Мать вздохнула и усадила дочку в кресло, обтянутое бордовым плюшем.
— Посиди минутку здесь, только, пожалуйста, не шуми.
— Хорошо, — охотно согласилась дочка.
Геннадий Ксенофонтович, бледный худощавый мужчина с гладко выбритым подбородком и очень редкими, но аккуратно расчесанными светло-русыми волосами, производил неприятное впечатление сухого, замкнутого человека. Сидя за роялем, он нажимал клавиши пальцами левой руки, а правой записывал ноты на лист бумаги.
Когда за его спиной осторожно приоткрылась дверь и на пороге остановилась Екатерина Ивановна, он не оглянулся.
— Сколько раз просить, чтобы меня не беспокоили, когда я работаю, — совершенно ровным и бесстрастным голосом произнес он, продолжая записывать ноты.
— Знаю, — делая небольшой шаг вперед, виновато проговорила Екатерина Ивановна, — но там… Варенька приехала.
— Варенька? Что-то не помню. Кто такая? Из филармонии?
— Моя дочь, — несмело и еще тише пояснила Екатерина Ивановна.
Ни один мускул не дрогнул на холодном лице Геннадия Ксенофонтовича. Он спокойно отложил карандаш, проиграл несколько тактов и, собираясь опять что-то записать, безразлично сказал:
— Ну что ж, пусть погостит немного.
Радостная улыбка озарила лицо Екатерины Ивановны, и она облегченно перевела дыхание.
— Все? — спросил он.
— Да, — попятилась она к двери.
— Только предупреди, чтобы она не шумела, — добавил он и углубился в свою работу.
Екатерина Ивановна вернулась к дочке сияющая.
— Папа Геннадий Ксенофонтович разрешил тебе остаться.
— А разве он мог не разрешить?
— Не говори, пожалуйста, глупостей. И запомни: он композитор, ему нужна тишина. Не вздумай петь.
— А я не пою, я читаю. Мне даже грамоту во Дворце пионеров дали.
Мать увела дочку в кухню.
— Обедать будешь здесь, — объявила она. — Я и кровать-раскладушку тут тебе поставлю. Сюда папа Геннадий Ксенофонтович не заходит.
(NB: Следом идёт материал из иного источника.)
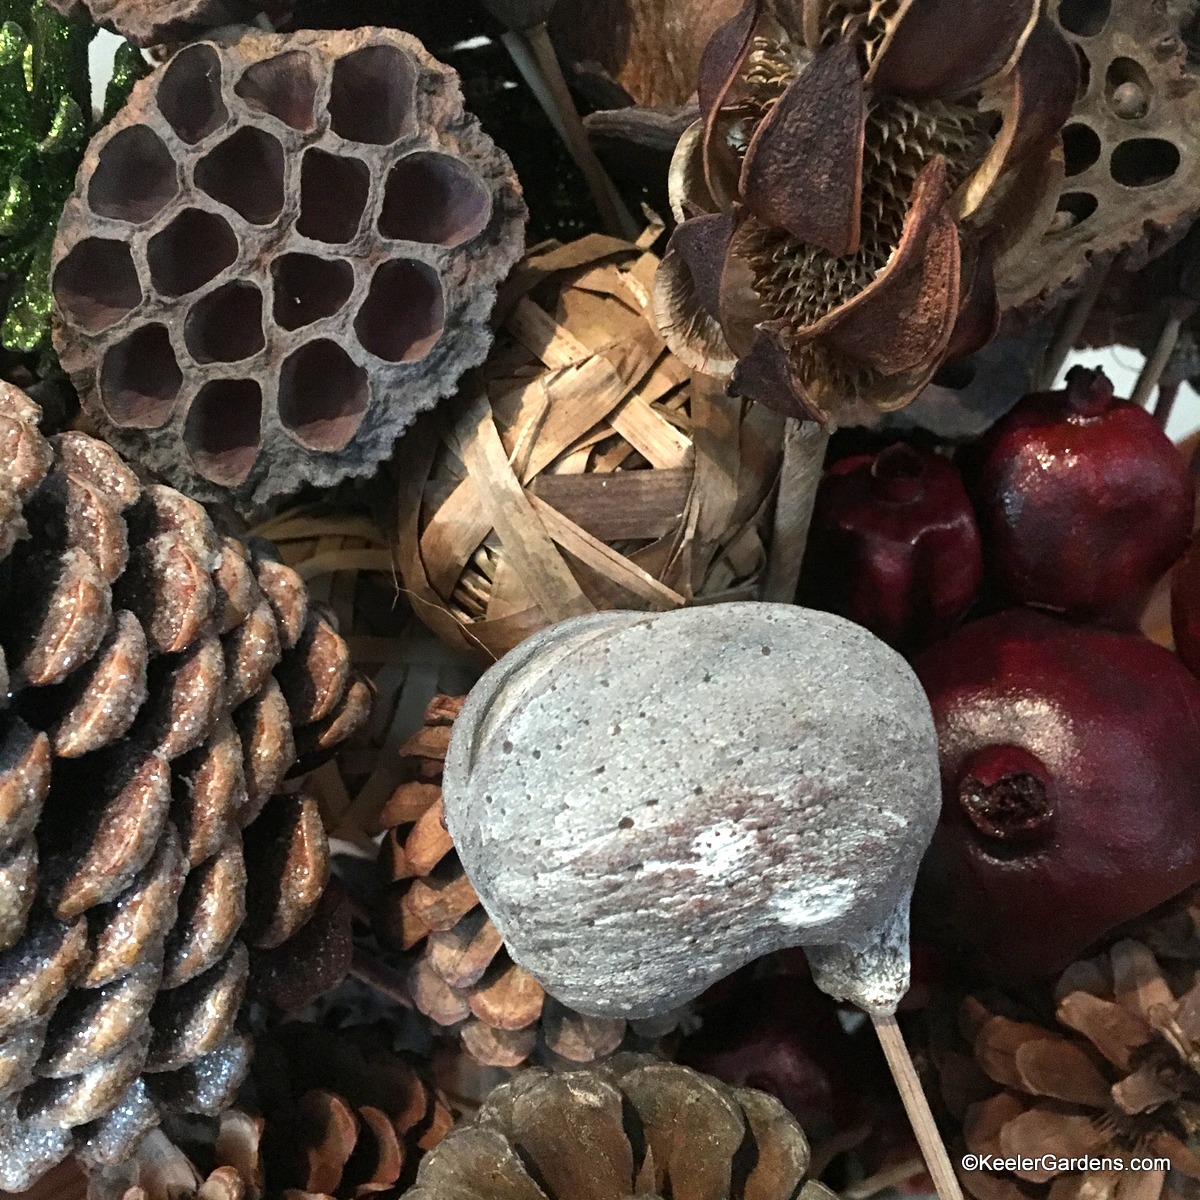 A multitude of accents are presented for a natural display including dried lotus flower seed pods, pine cones, and faux pomegranate.

— Он очень сердитый? Ты его боишься?
— Ну, конечно, нет. Просто он много работает, устает, нервничает, — попыталась успокоить дочку мать, но в этот момент из комнаты донесся негромкий, однако властный голос Геннадия Ксенофонтовича: «Катя!» Она на бегу сорвала с себя передник, который только что надела, и выбежала за дверь, едва успев сказать Вареньке: — Побудь здесь, не выходи.
Боясь шевельнуться, девочка сидела на табуретке и украдкой водила глазами, осматривая кухню.
В прихожей послышались неторопливые шаги. Геннадий Ксенофонтович сказал: «Меня не жди, я поздно». Затем скрипнула входная дверь и щелкнул замок.
Подстрекаемая любопытством, Варенька на носках подкралась к окну и осторожно из-за занавески глянула во двор. По мокрому от недавнего дождя тротуару, старательно обходя лужи, неторопливо удалялся невысокого роста, узкоплечий, немного сутулящийся мужчина в синем осеннем пальто и зеленой велюровой шляпе. Неказистый вид его вызвал у Вареньки чуство пренебрежения.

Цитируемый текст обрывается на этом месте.